With the goal of engaging graduate students and accelerating ideas into prototypes, teams of MIT graduate students in Electrical Engineering and Mechanical Engineering spend a semester collaborating with clinicians in CIMIT-affiliated hospitals to develop innovative medical devices. Clinicians (physicians, nurses, and scientists) present clinical problems and initial ideas on how they might be solved. Students form teams to work with the clinicians to turn these ideas into reality. The goal is for the students to deliver a working prototype and a journal-quality article in one semester. The course has been a great opportunity for clinicians to test out new ideas and to stimulate new collaborations.
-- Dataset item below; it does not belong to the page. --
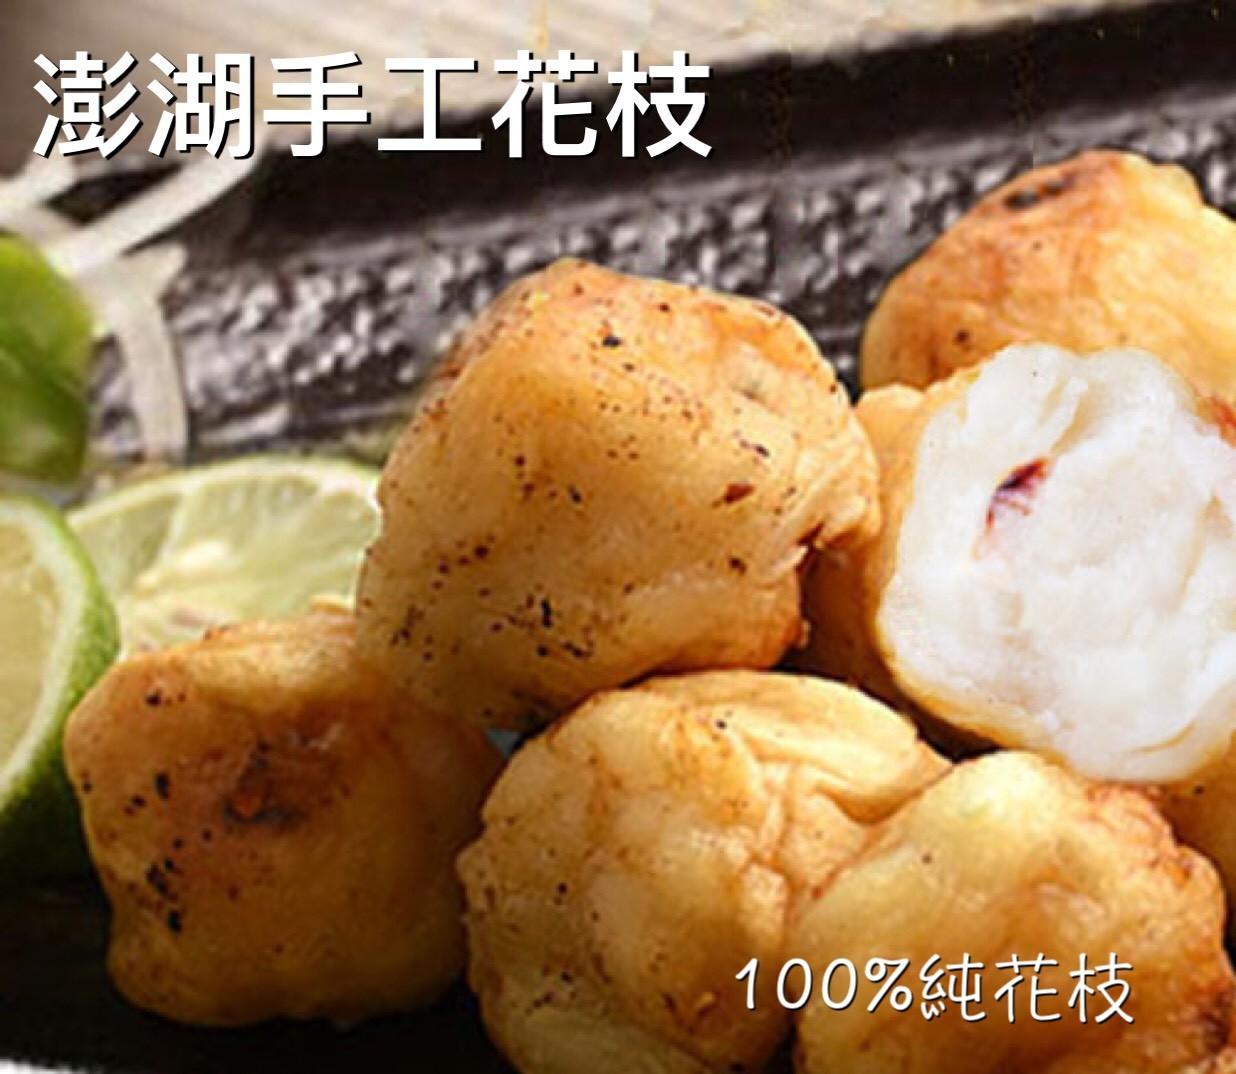 【立三】澎湖手工花枝丸(600g/包)

For example, Robopsy, a robotic device to assist radiologists performing tumor biopsies was invented by an MIT team led by Rajiv Gupta, MD, in 2004. The team has been awarded the 2007 MIT $100K prize, the world's leading entrepreneurship competition.

SUMMARY:

Mitral valve regurgitation is problem  that affects around 450,000 people in the United States each year.  The mitral valve prevents blood from flowing from the left ventricle back into the left atrium.  When the heart pumps, the valve is pulled closed by chords of tissue, called chordae, anchored to papillary muscles on the left ventricle wall.  In patients who have suffered a heart attack, the walls of the left ventricle often become weak and expand outward, tautening the chordae and preventing the mitral valve from closing properly.  Recent trials have shown that mitral valve function can be restored if a limited number of the chordae are cut, but open-heart surgery, the current method of doing this procedure, is not a feasible option for many patients who have suffered a heart attack. 

Students from MIT are developing a special catheter to perform chordal cutting percutaneously.  They have attempted to produce a catheter that could be fed into the left ventricle through the femoral artery and the aorta.  Their envisioned procedure involves gripping the chord to be cut with the end of the catheter, using ultrasonic imaging to make sure that the correct chord was being gripped, and then cutting the chord.  Further testing remains to be done, but their device may someday provide cardiologists with a minimally invasive way of treating mitral valve regurgitation.